* [What is expected] Could you retype every line below exactly, omitting the images?

___ Dataset excerpt

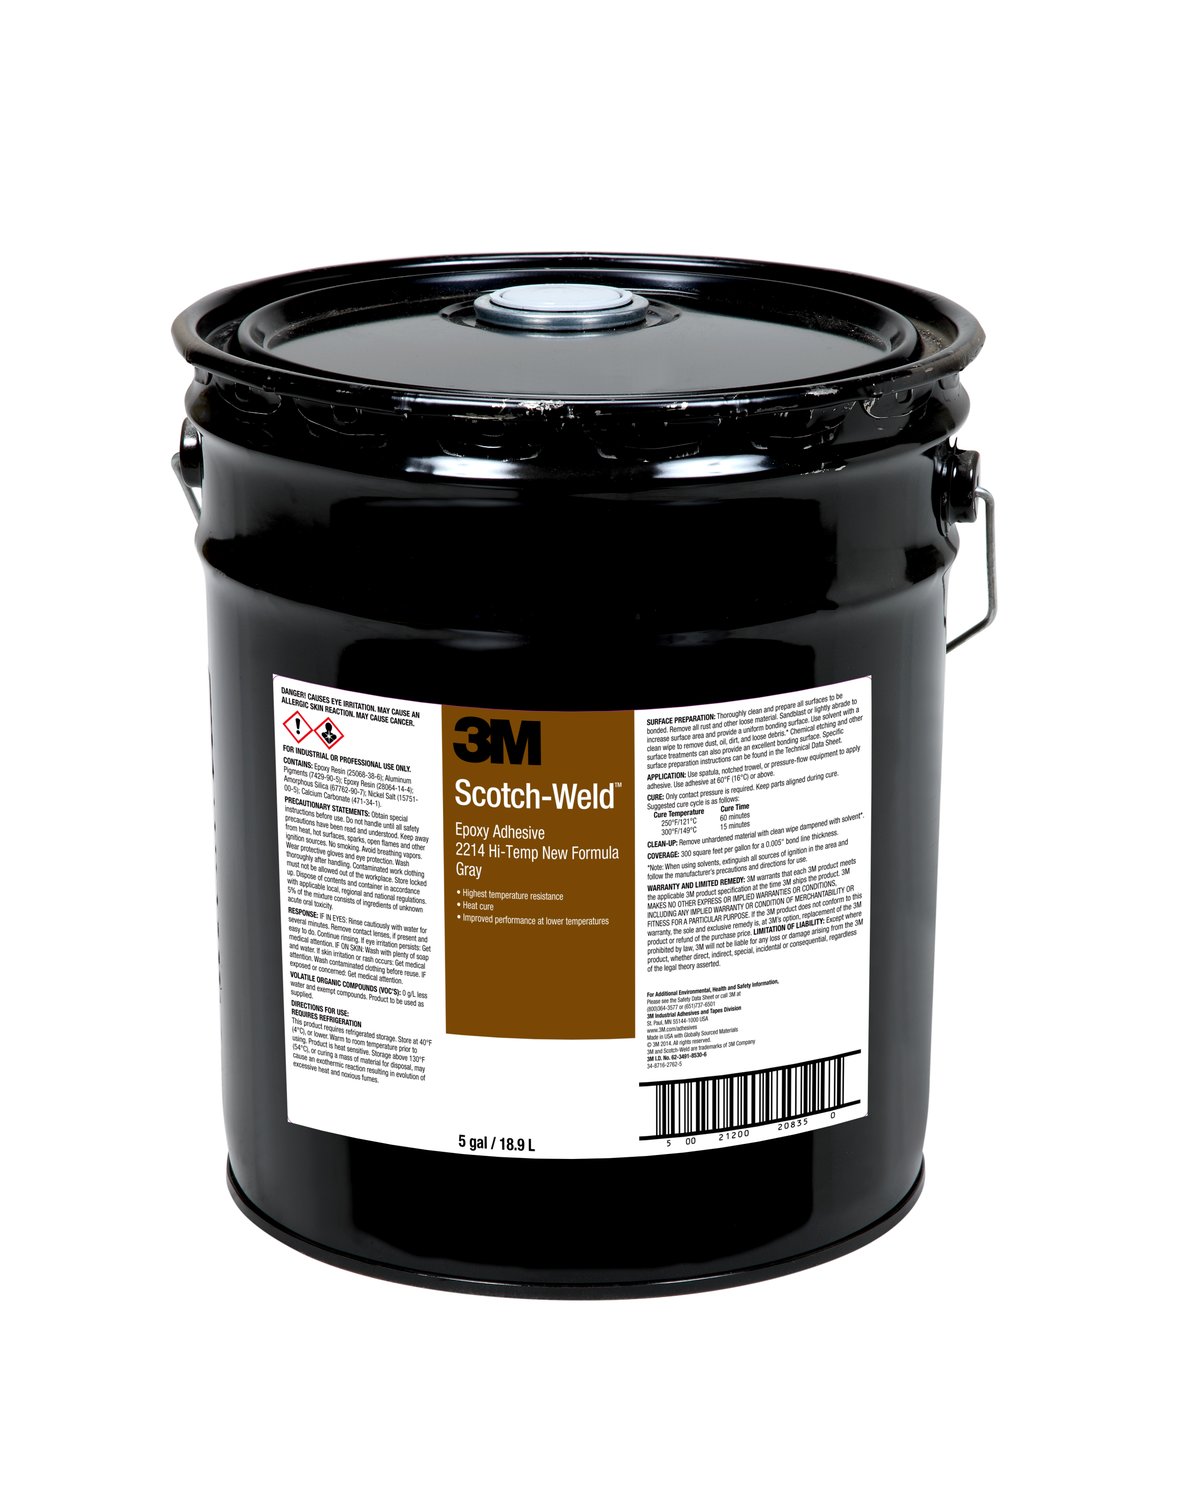 7010330200 - 3M Scotch-Weld Epoxy Adhesive 2214, Hi-Temp New Formula, Gray, 5
Gallon (Pail), Drum
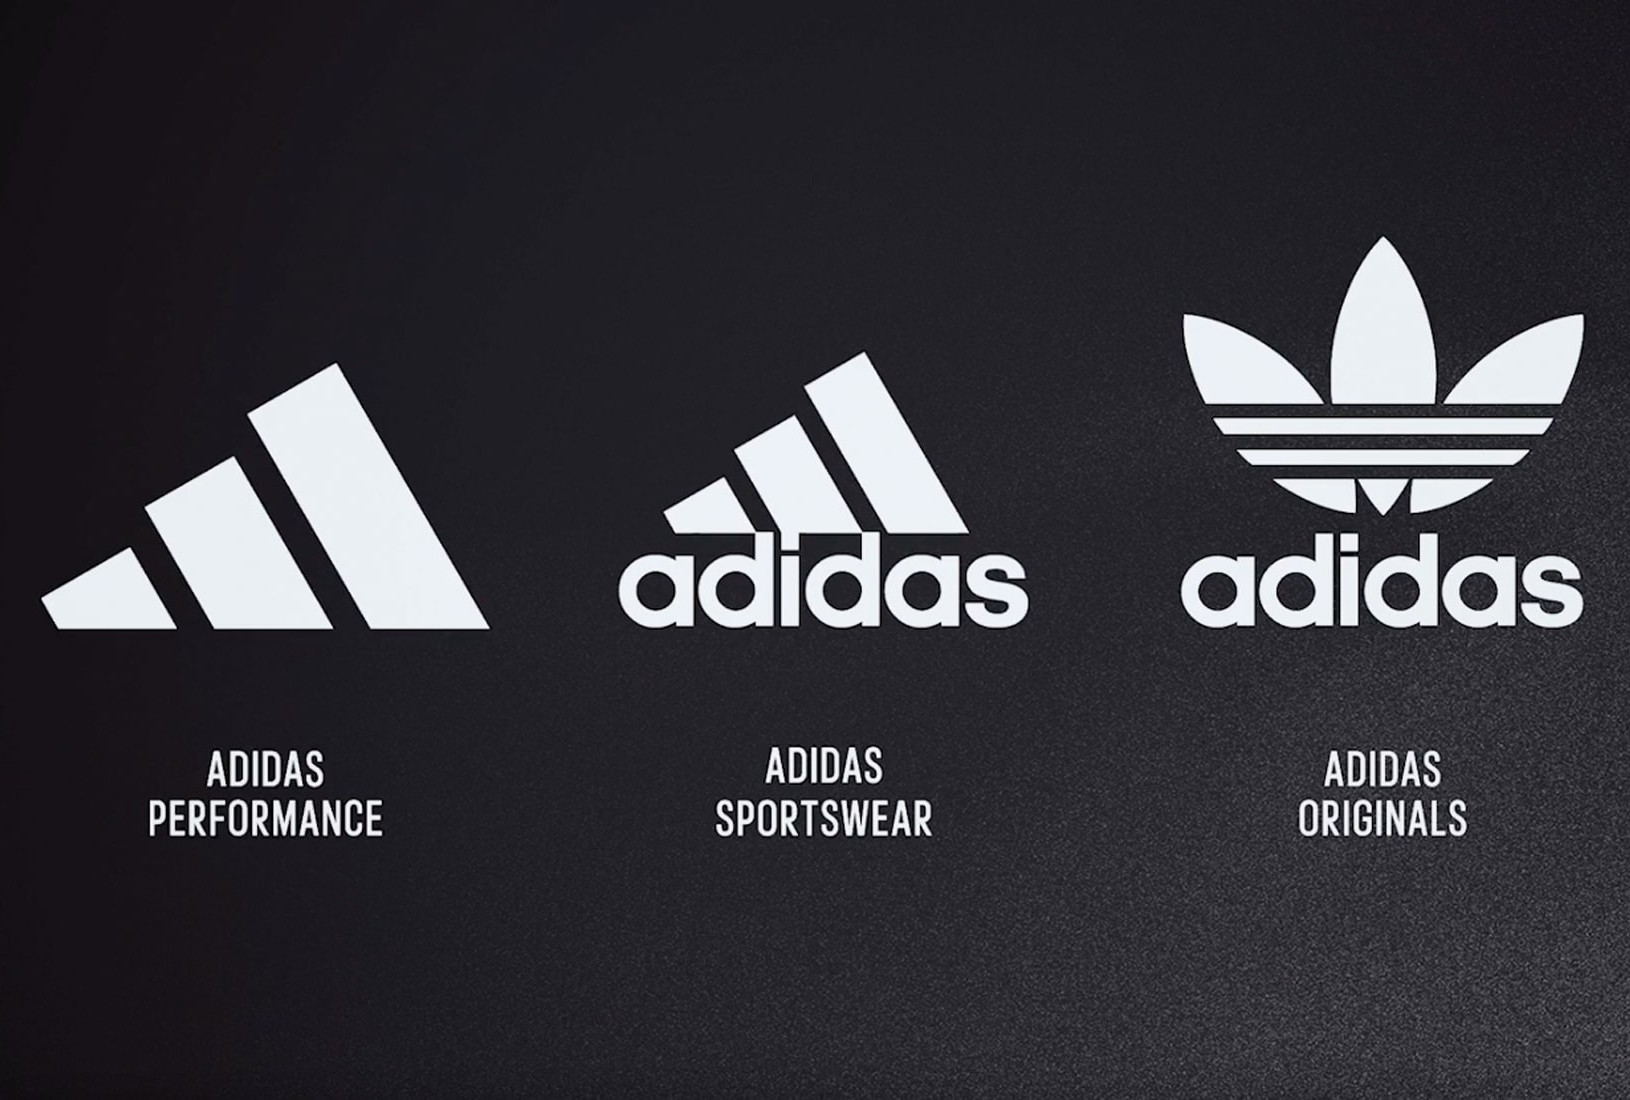 chocola George Eliot bad Nieuw adidas logo op voetbalshirts vanaf 2022 - Voetbalshirts.com

______

* [Reply]
 7010330200 - 3M Scotch-Weld Epoxy Adhesive 2214, Hi-Temp New Formula, Gray, 5
Gallon (Pail), Drum
 chocola George Eliot bad Nieuw adidas logo op voetbalshirts vanaf 2022 - Voetbalshirts.com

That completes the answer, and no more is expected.